## [PROVIDED ENTRIES]

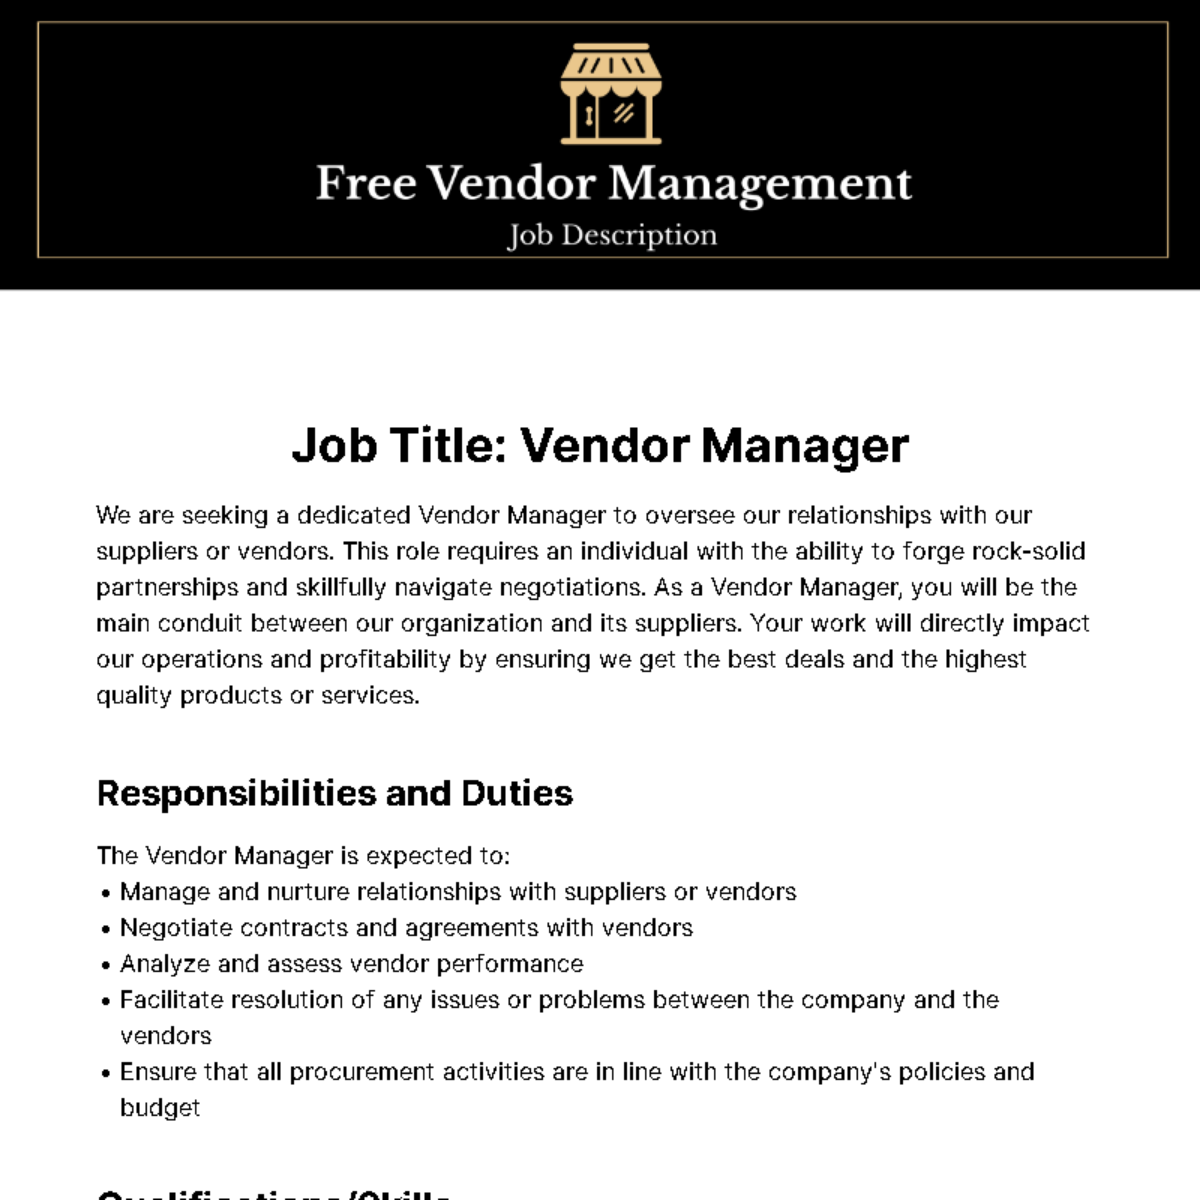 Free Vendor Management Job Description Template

---

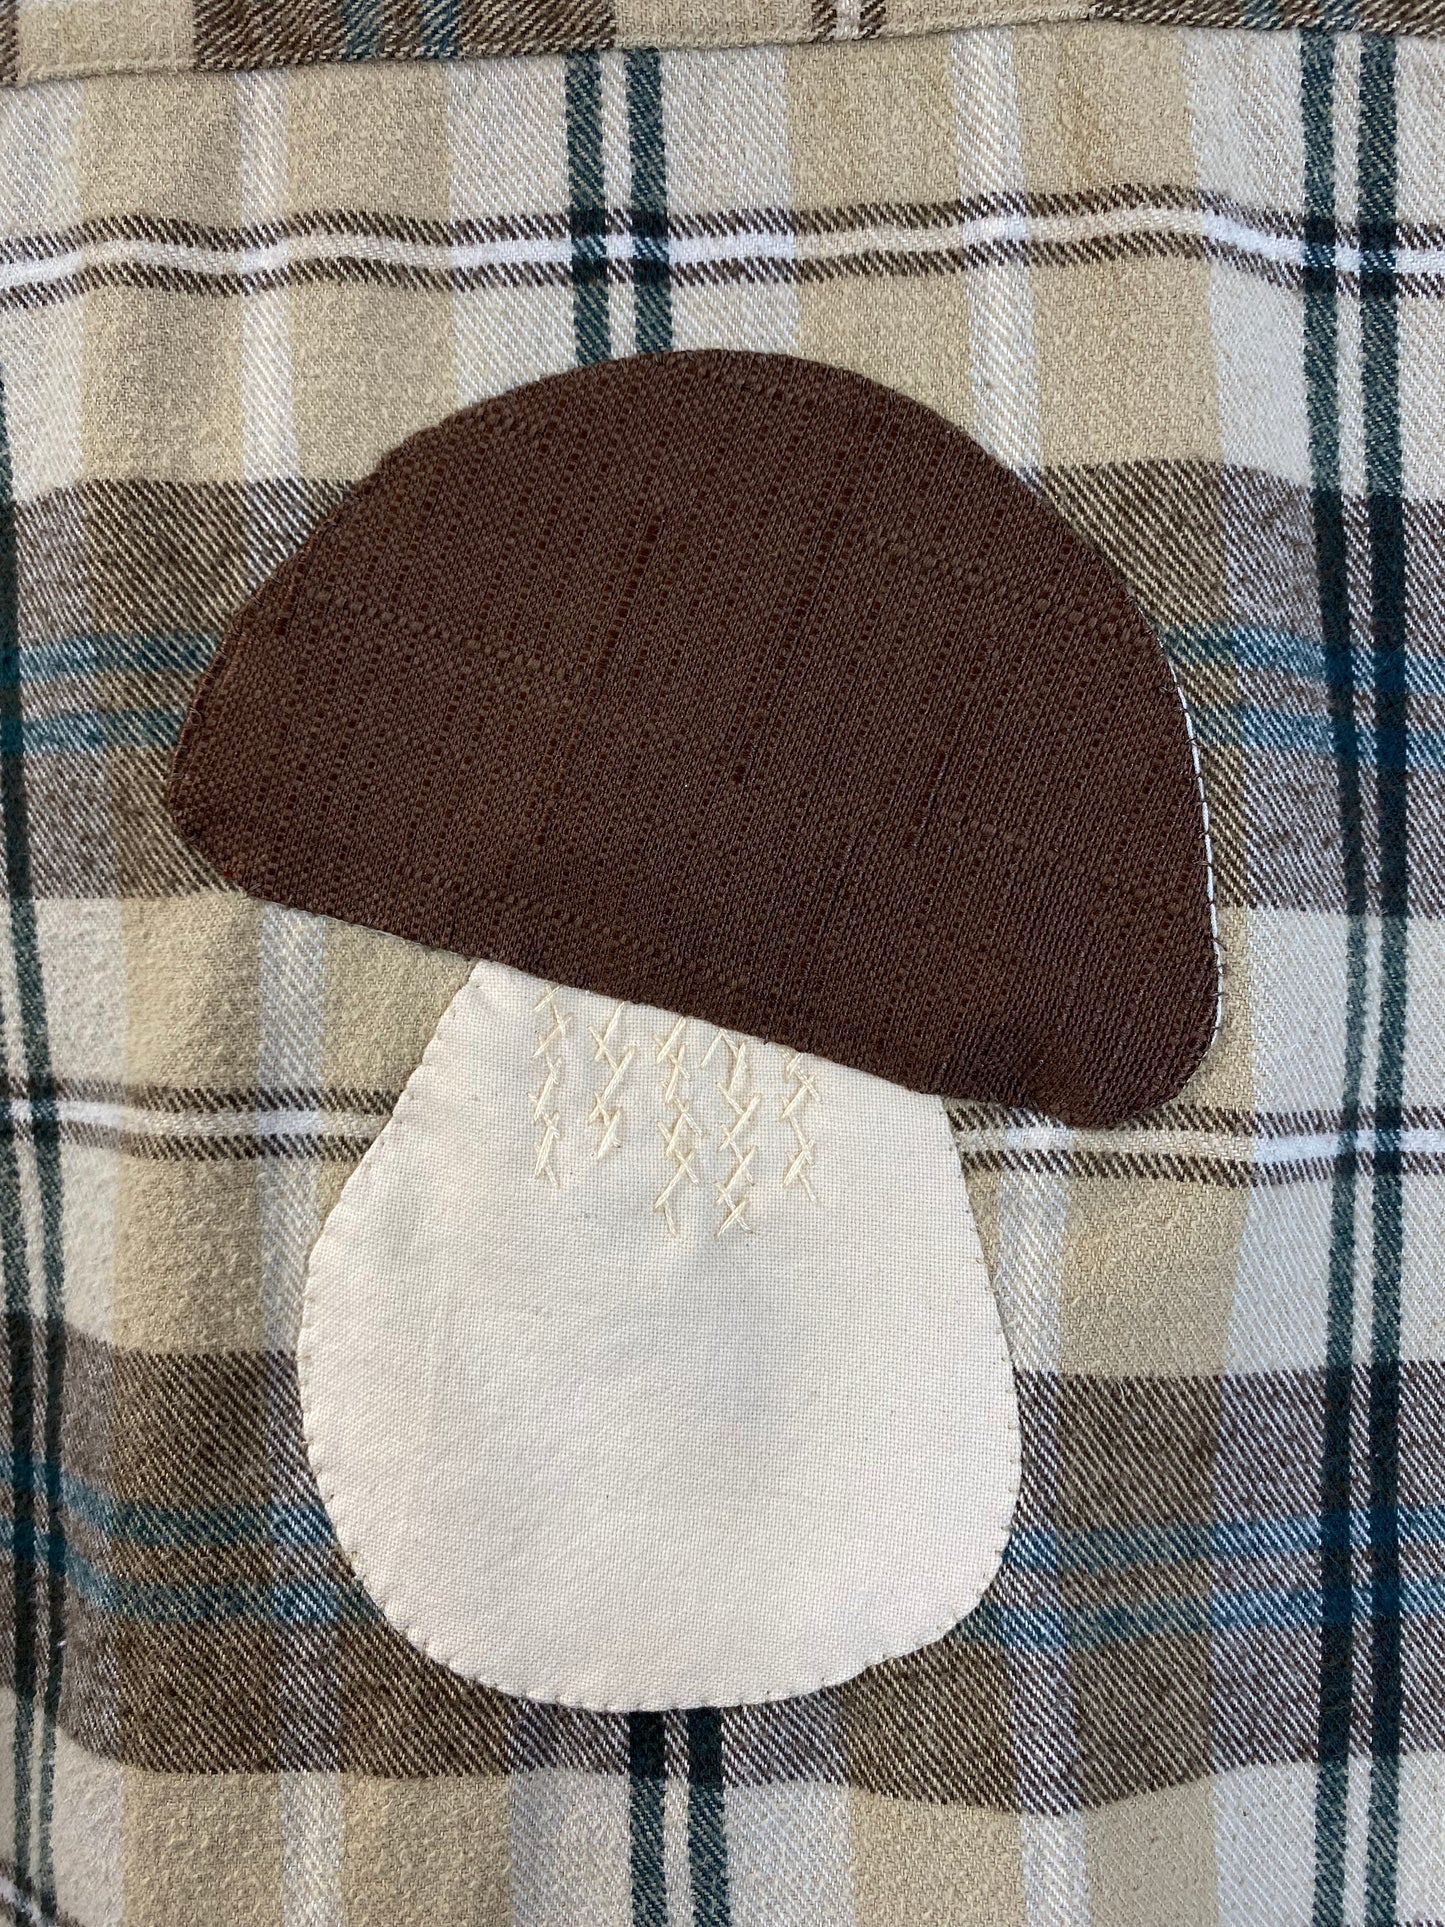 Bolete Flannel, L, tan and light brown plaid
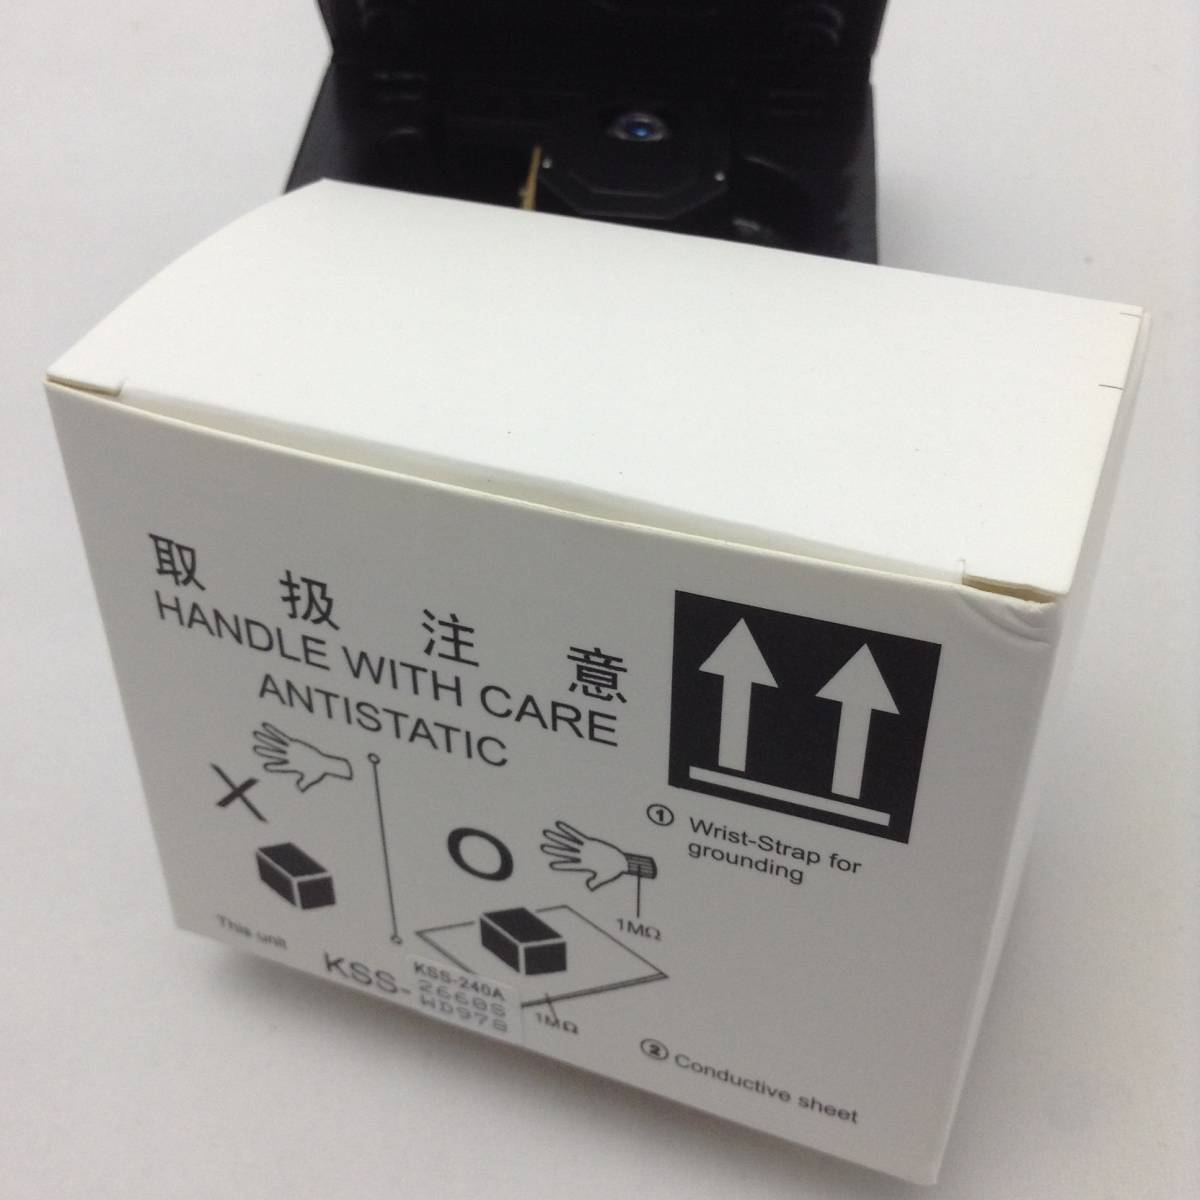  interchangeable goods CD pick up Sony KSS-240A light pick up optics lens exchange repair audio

## [WORK TO COMPLETE]
Starting with the line above that holds "Bolete Flannel, L, tan and light brown plaid", restate each line word for word up to and including the line that holds "interchangeable goods CD". Drop the pictures.

## [RESULT OF THIS TASK]
 Bolete Flannel, L, tan and light brown plaid
  interchangeable goods CD pick up Sony KSS-240A light pick up optics lens exchange repair audio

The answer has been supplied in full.